[ppml] IPv4 wind-down

Tony Hain alh-ietf at tndh.net
Thu Mar 22 05:16:21 EDT 2007

Leo Bicknell wrote:
> > ...
> > further extending the lifetime of IPv4 is a waste of everyone's time
> > and energy. People will need to learn the realities of the new
> version of IP, or find another line of work.
> I strongly disagree with that statement.  No matter your thoughts on
> IPv4 and IPv6 one of ARIN's tasks is to be a steward of IPv4 space /for
> as long as people wish to use it./
> There is a long history of new technology eroding existing markets, but
> rarely does it make them go away.  More importantly, technology that is
> not useful in one market may be huge in another.
> Venezula uses lots of Ethanol, the US does not.  This despite a gas
> crisis in the 70's, and numerous alternative technologies.  Digital
> downloads have not stopped people from selling CD's.  VoIP has not
> forced AT&T and wireline phone providers out of business.  There are
> companies out there still making steam engines and buggy whips, if only
> for much smaller market segments today.

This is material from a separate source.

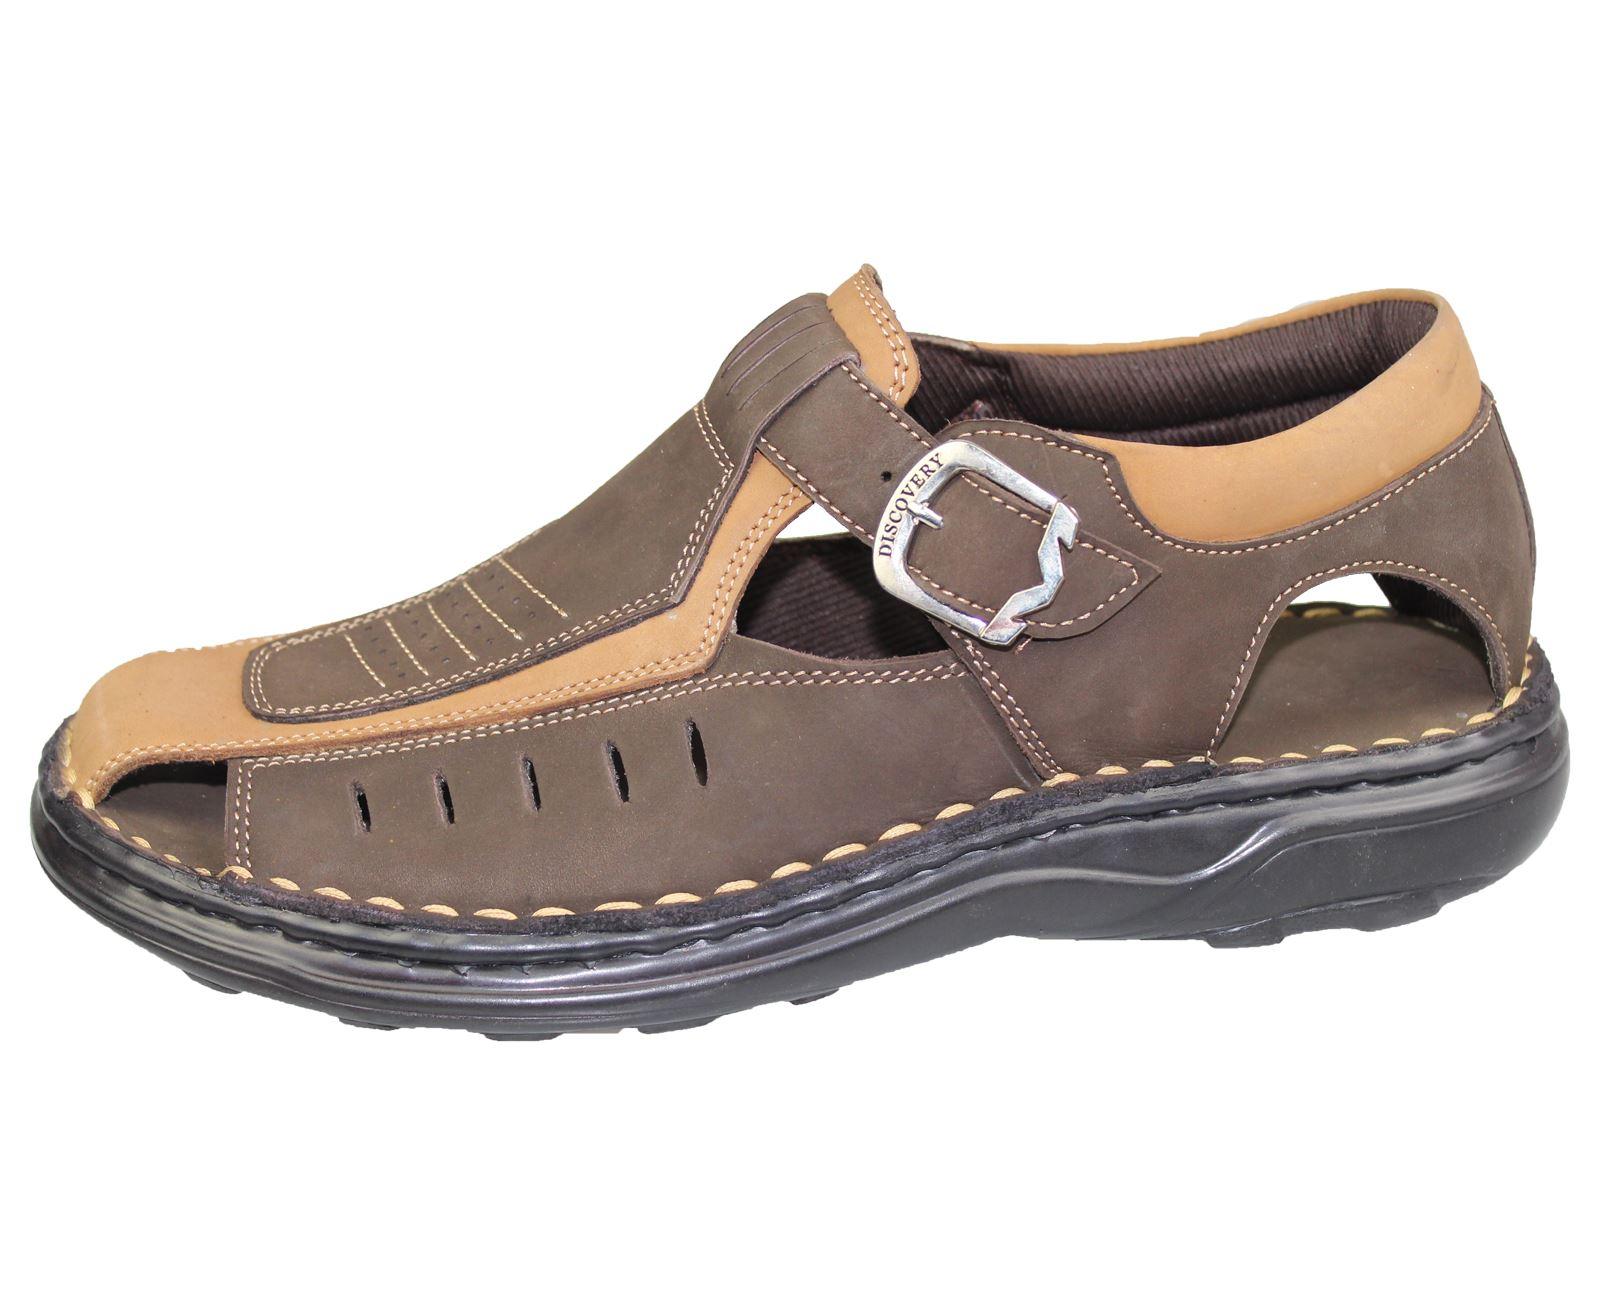 Wide Fit Fashion Sandals Uk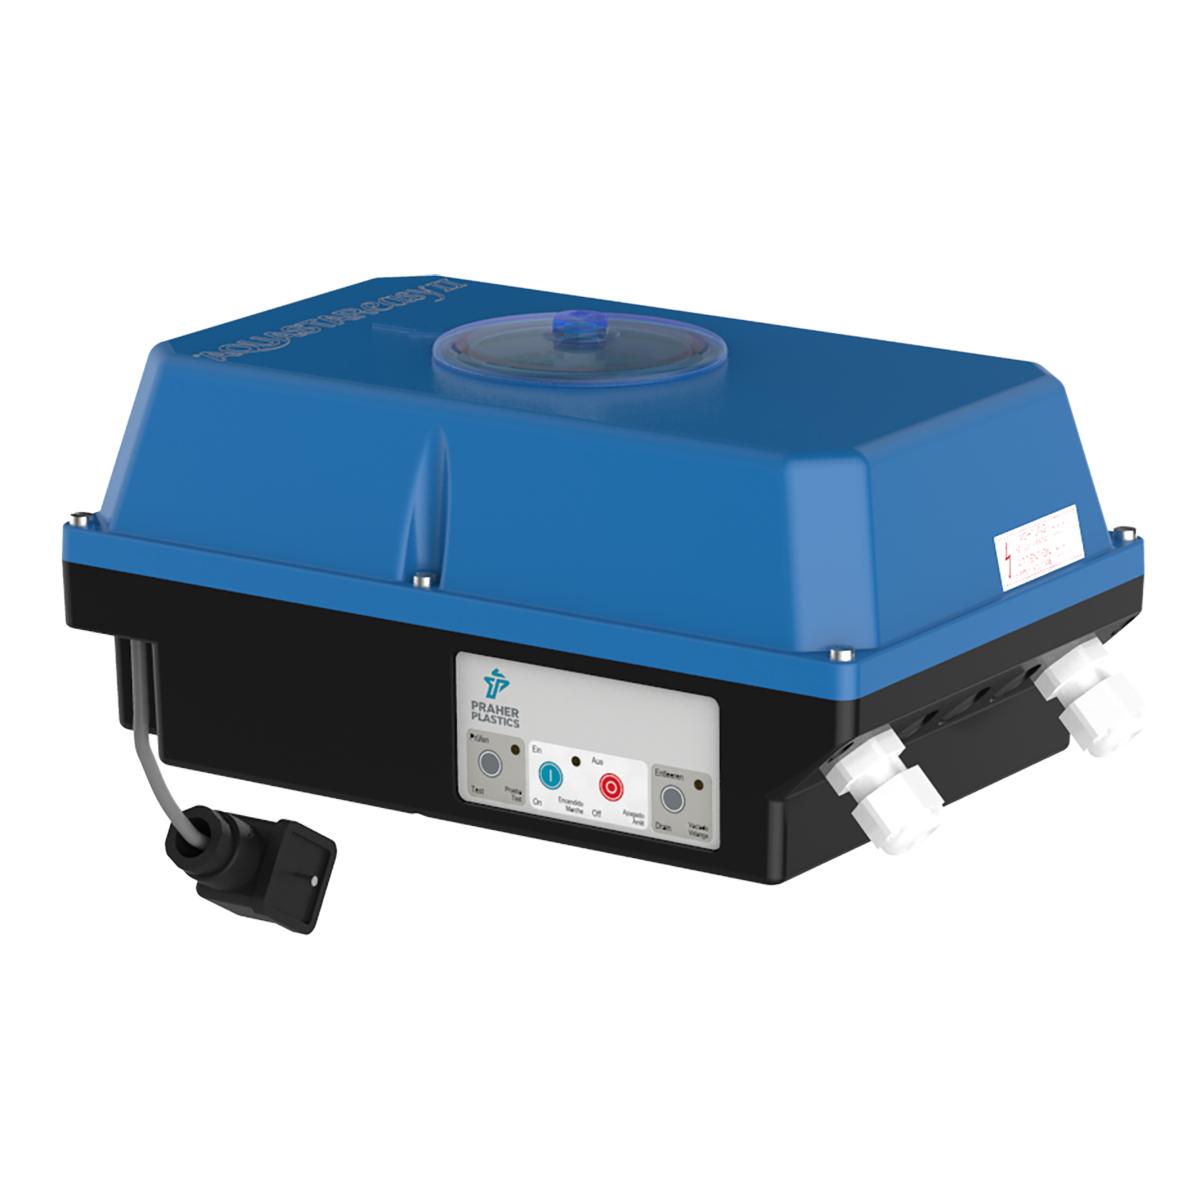 "AquaStar EasyII mit Drucksensor für V6 ND 1 1/2"" + 2"" 100-240 VAC AquaStar EasyII mit Drucksensor für V6 ND 1 1/2"" + 2"" 100-240 VAC"

Yes, there will be a market for a few IPv4 experts for some time to come,
just as centuries after the height of its demand there is still a market for
hand-made masquerade masks in Venice. My point was that the market will not
sustain the number of IPv4 experts that it does today, just as there are
only 2 mask makers left in Venice. 

Assuming the IPv4 space is fully allocated/assigned by 2010, by 2015 the
number of people that can make a living by only knowing IPv4 will be
substantially lower than where we are today. By giving preference to IPv6
when it works, by 2015 the amount of IPv4 traffic will be effectively zero
from the perspective of today's giddy heights. Yes, IPv4 will persist for
decades within organizations (HP printers with embedded IPv4-only
controllers will not die), but those islands will be parked in cookie-cutter
corners of the network where no expertise is required.